6. Exponential Growth or Decay: \[T = \begin{bmatrix} 1 & 0 & 0 & 0\\ 0 & 1 & 0 & 0\\ 0 & 0 & 1 & 0\\ 0 & 0 & k & 0\\ \end{bmatrix}\]

Using these to fit ODEs

Now that we can express the ODEs in the form of a matrix, we can implement these matriexies in the ODE solver package to make the solution fit the ode.

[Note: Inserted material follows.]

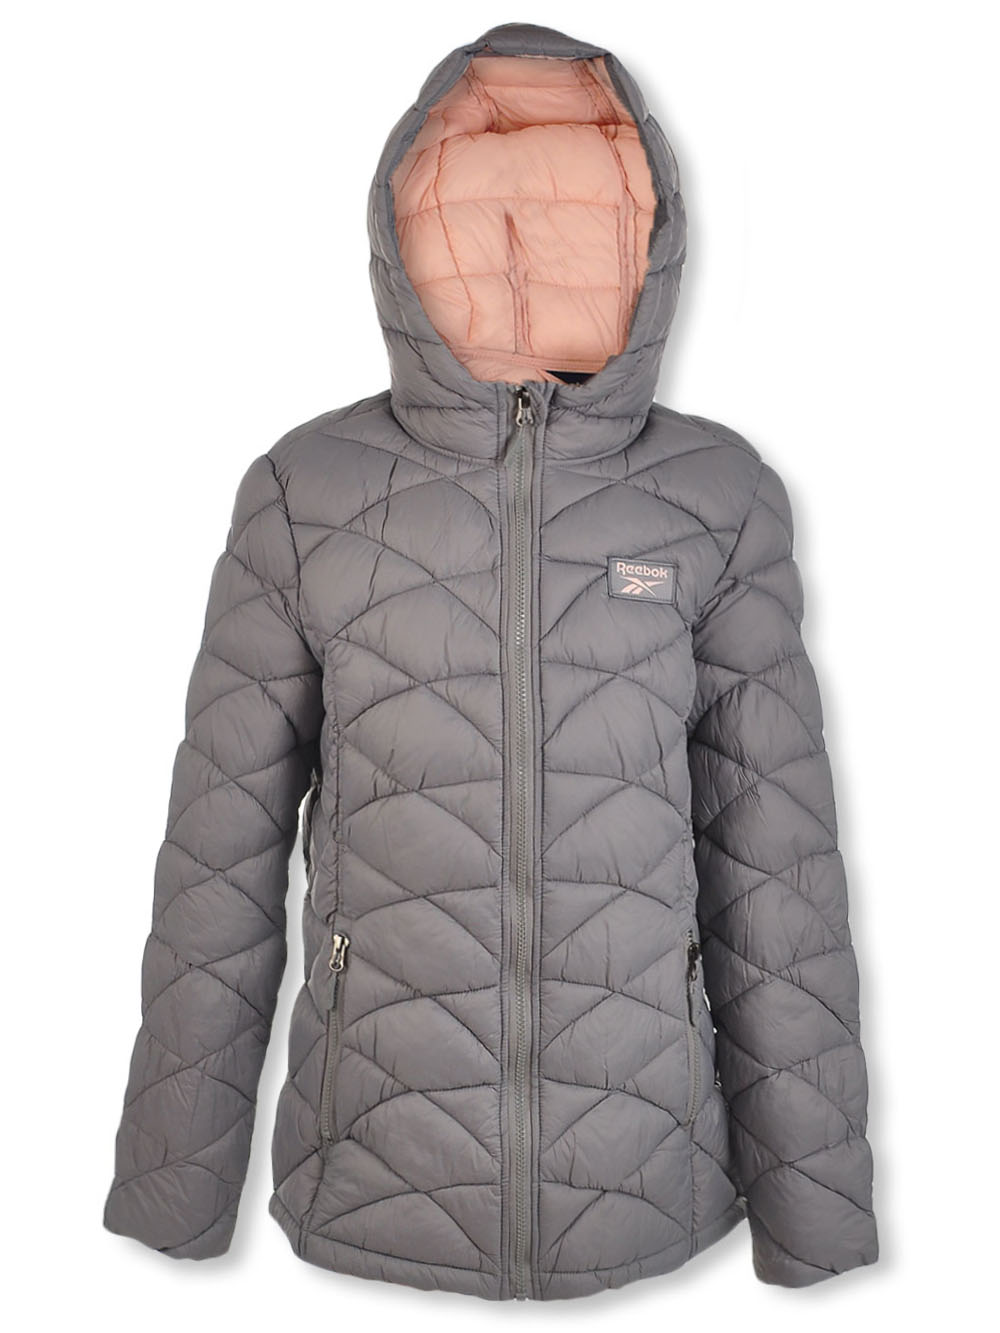 Reebok Girls' Packable Puffer Hooded Jacket - gray, l (Big Girls) - image 3 of 3

It’s important here to note that I’ve diverted from my old definitions of \(Y\) here, where the first element of the vector is \(y(x)\).

To make a step in the approximation we use the following equation:

\[ \begin{bmatrix} 1 \\ x+h \\ y(x+h)\\ y'(x+h)\\ y''(x+h)\\ ...\\ y^{n}(x+h)\\ \end{bmatrix} = S \cdot \begin{bmatrix} 1 \\ x\\ y(x)\\ y'(x)\\ y''(x)\\ ...\\ y^{n}(x)\\ \end{bmatrix} \epsilon \]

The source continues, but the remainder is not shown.